Features/Description/Potential: The impressive eastern flank of the Black Moutain Range, highest in the eastern US. Rugged terrain, black bear habitat, scenic vistas from the ridge. Much "old growth"(including the 1263 acre Middle Creek Research Natural Area, one of the most extensive remaining virgin forests in the Eastern US.). Northern red oaks, tulip poplars and sugar maples up to 4 ft dia. and 500 yrs old, along with large old hemlocks are to be seen in the Middle Creek RNA, rivaling the Joyce Kilmer Forest.  The area contains one of the best quality composites of high elevation forests in the S. Applachaians consisting of old-growth boreal forest, northern hardwood and cove forests, dry ridge communities and heath balds.  Mountain paper birch, disjunct from its normal range in Canada and N. Appalachians, is found here, along with other rare plant species. Animals rare or uncommon in NC are raven, New England cottontail, rock vole, saw whet owl, scorpion fly, and the Mt. Mitchell spider.  The Black Mts. were part of a larger area proposed for national park status in the early '70's.  Was part of the proposed Balsam Cone Wilderness during RARE II. Was proposed by the Sierra Club, but not by the Forest Service, for Wilderness. Except for Middle Creek, there is a past history of logging.   Clearcuts have been made in the past on the western slope, but only at the base of the eastern slope.  The S half of the Blacks is a bear sanctuary, extending S across the Parkway in the region including Curtis, Newberry, and Mackey Creeks.
     The Elisha Mitchell Chapter of Audubon has adopted Mt. Mitchell State Park through the state program and feel that the entire Black Mtn. range should be protected as an outstanding and unique natural resource. There is probably good local support for more protection (citizens organized several years ago (prior to 2000) to get congressional funding for the FS to purchase Celo Knob, the northernmost peak in the range).
     The northeast corner has sustained some significant roading and clearcuts according to Elaine & Edward Gouge, Sierra Members who have recently hiked in this area. (March 1991) A FS high-grade system road has been graveled all the way up to Locust Ridge where you can look off and see the clearcuts. (The two roads shown on the Forest Service's "blue line" (1994?) map going up from the South Toe River (SE portion - short roads) are low grade and seeded to grass.)

Significant Points:
- Adjacent to Mt. Mitchell State Park, now an International Biosphere Reserve
- Part of the highest, most impressive Mt. Range east of Mississippi River, six  peaks over 6,000 feet
- Black bear sancturary
- extensive trail network, popular with hikers and backpackers
- South Toe River basin (South Toe River has been designated a High Quality  Water by NC Environmental Management Commission)

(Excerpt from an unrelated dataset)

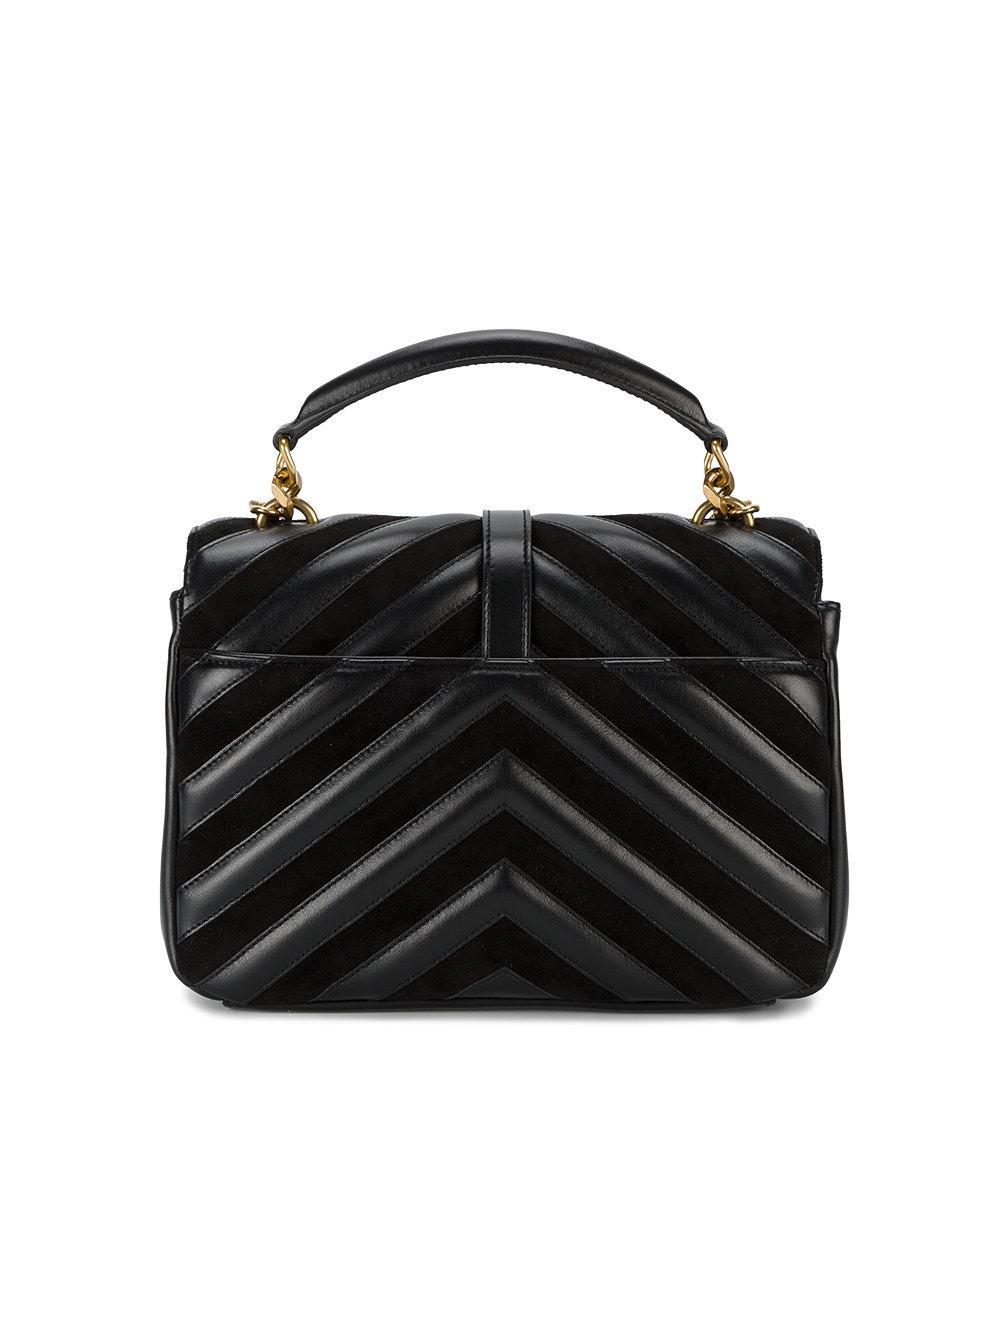 1272cd79f913 Lyst - Saint Laurent Medium Black Leather Collège Monogram Shoulder ...
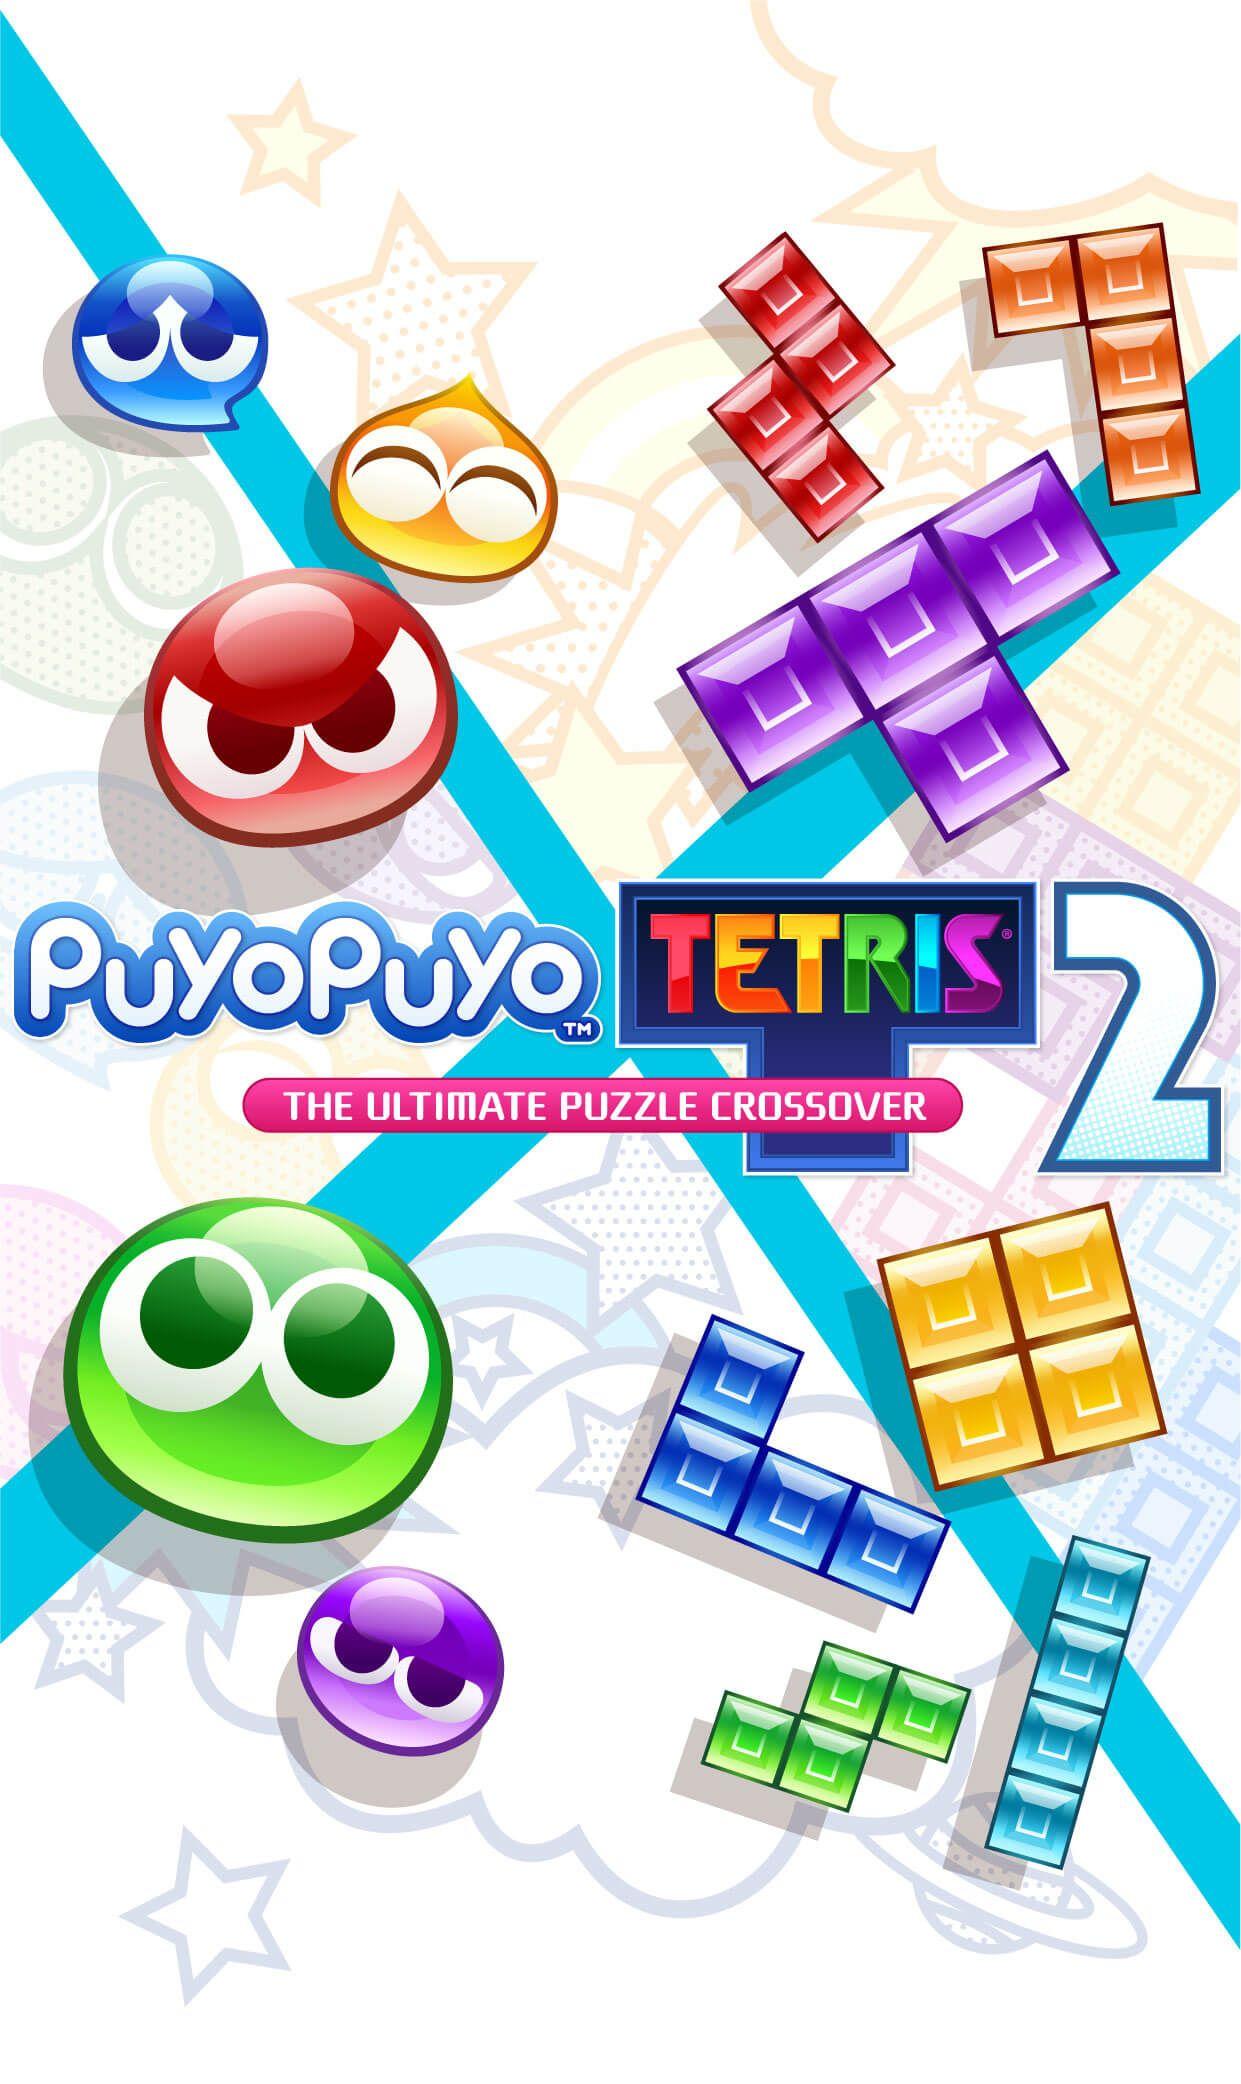 Puyo Puyo Tetris 2 Portada

- Very rugged eastern slope of the Black Mtn. ridge
- Parkway viewshed

There is the potential to link this area with Jarrett Creek to the S, and to the W with the privately-protected (via easement granted to American Farmland Trust) Cane River Hunt Club (a Hanes family enterprise) area, which in turn abuts the E boundary of the Big Butt wild area.  To the S of the Parkway at the S border of the Hunt Club property is the Asheville watershed, also protected by a conservation easement, which is bordered on the W by the Parkway and the Craggy Mt. WSA, and on the E by Jarrett Creek wild area, separated only by about 1.5 miles of FS property.  Such a linkup would create a "mega-reserve" or protected area of roughly 60,000 acres, the biggest block of wild land in the S. Applachians outside the GSMNP.  This area, especially with Mt. Mitchell and the spectacular virgin forests of Middle Creek, is not only Wilderness, but National Park caliber.